IS exploits Telegram mobile app to spread propaganda
So-called Islamic State group (IS) has shifted its propaganda distribution to the secure mobile messaging app Telegram from Twitter, where its accounts have been repeatedly shut down over the past year.
IS and other jihadist groups appear to be exploiting new functionality introduced by the app last month, which allows users to broadcast their messages to an unlimited number of members via their own Telegram "channel".
On 26 September, just four days after Telegram trumpeted the launch of its new "Channels" tool, IS media operatives on Twitter started advertising the group's own channel dubbed Nashir, which translates as "Distributor" in English.
It has already amassed more than 4,500 subscribers.
Since then, IS propaganda has started appearing first via Telegram, often several minutes before being posted to Twitter.
The group's claim for an attack on Saudi and Emirati forces at a hotel in the Yemeni city of Aden on Tuesday was posted first on Telegram, for example, although Twitter remains a key platform for IS to spread its message.
IS appears to be hoping the Berlin-based Telegram will offer it a more stable and resilient platform for its propaganda, faced with a sustained clampdown on its Twitter presence.
But Telegram itself suggests it will take down illegal material that is made publicly available via the app - including posts related to IS, according to its website.

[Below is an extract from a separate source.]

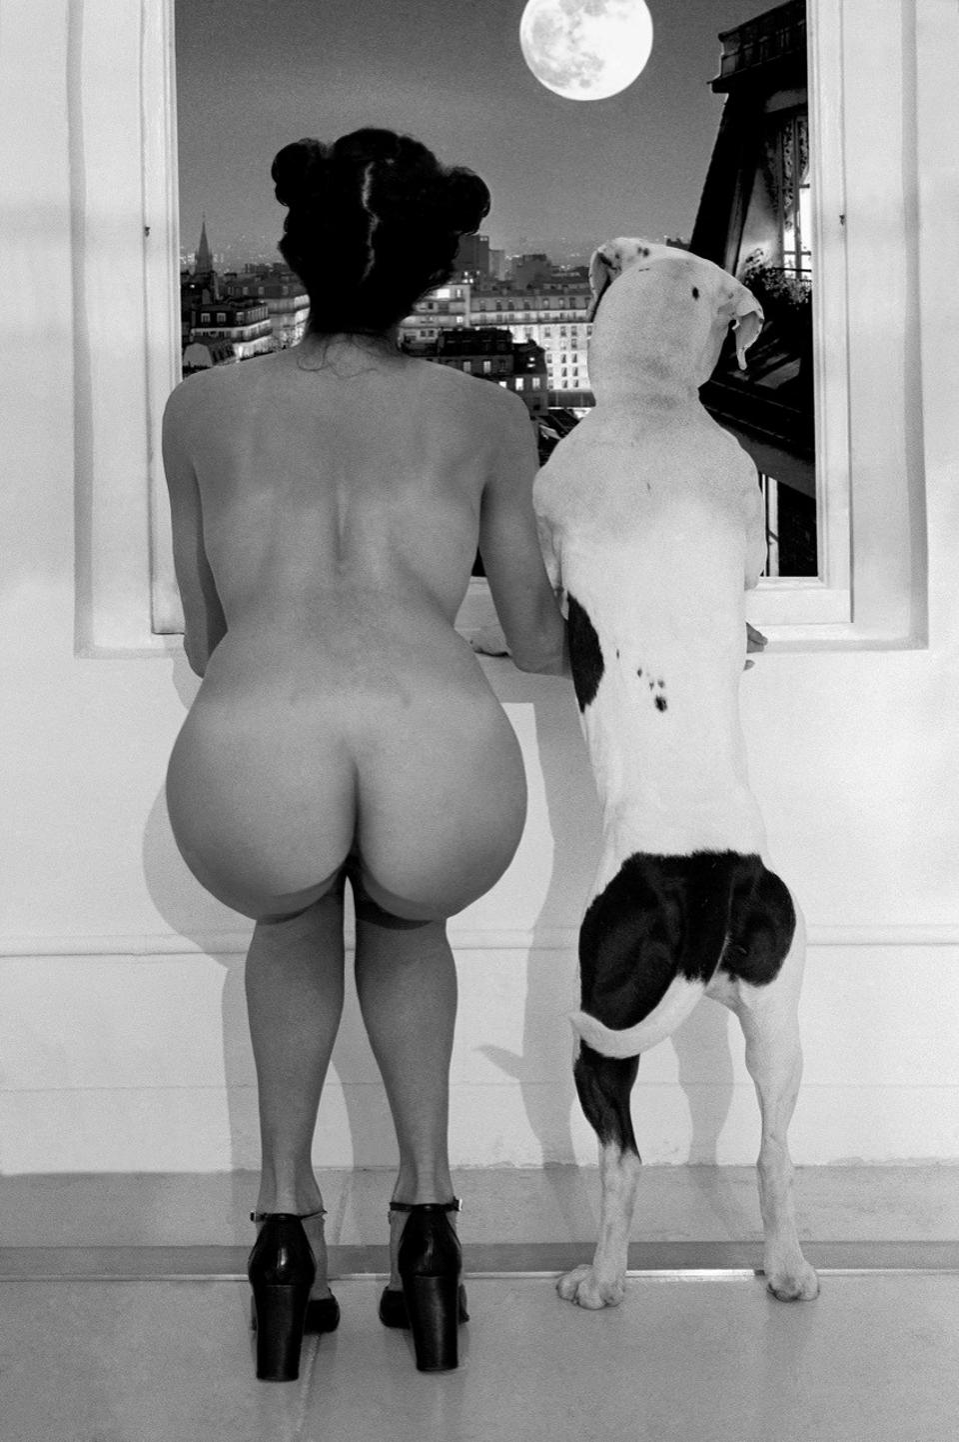 ″Guy Le Baube: Behind The Scenes″ on display Avant Gallery at Hudson Yards

IS has not had an official presence on Twitter since July 2014, when its last branded accounts were shut down.
It then experimented with a series of less well-known social media platforms, such as the privacy-focused Diaspora as well as VKontakte, Russia's largest social network, whose co-founders the Durov brothers went on to set up Telegram in 2013.
But IS was soon kicked off those platforms too.
Since then, Twitter has remained the group's preferred platform. But it has been caught up in a cat-and-mouse game with the Twitter administration, which has also led to its quasi-official, non-branded accounts routinely suspended.
Even before IS launched its latest propaganda channel via Telegram, there had been evidence that the group and its members were using the app.
Earlier in September, IS had advertised an Iraqi mobile phone number, which people could use to get in touch with the group via the Telegram app in order to pay a ransom for two hostages being held by the group.
And jihadists inspired by IS, including a British teenager convicted recently, have used the app's secure encrypted messaging to conduct attack planning.
Jihadists have been drawn by Telegram's boast to provide a "secret chat" facility, which heavily encrypts messages user-to-user with a unique key to avoid interception by hackers or government agencies.
Telegram is so confident of its security that it twice offered a $300,000 reward to the first person who could crack its encryption.
But it is the app's new public broadcast function that jihadists have been quick to latch on to and it is not just IS that has started exploiting it.
Al-Qaeda's Yemen branch (AQAP) launched its own Telegram "channel" on 25 September, although its material is still coming out first via Twitter, where the group has its own official accounts. And the Libyan Ansar al-Shari'ah group created its channel the following day.
A raft of other pro-IS and pro-al-Qaeda media groups have also set up shop there.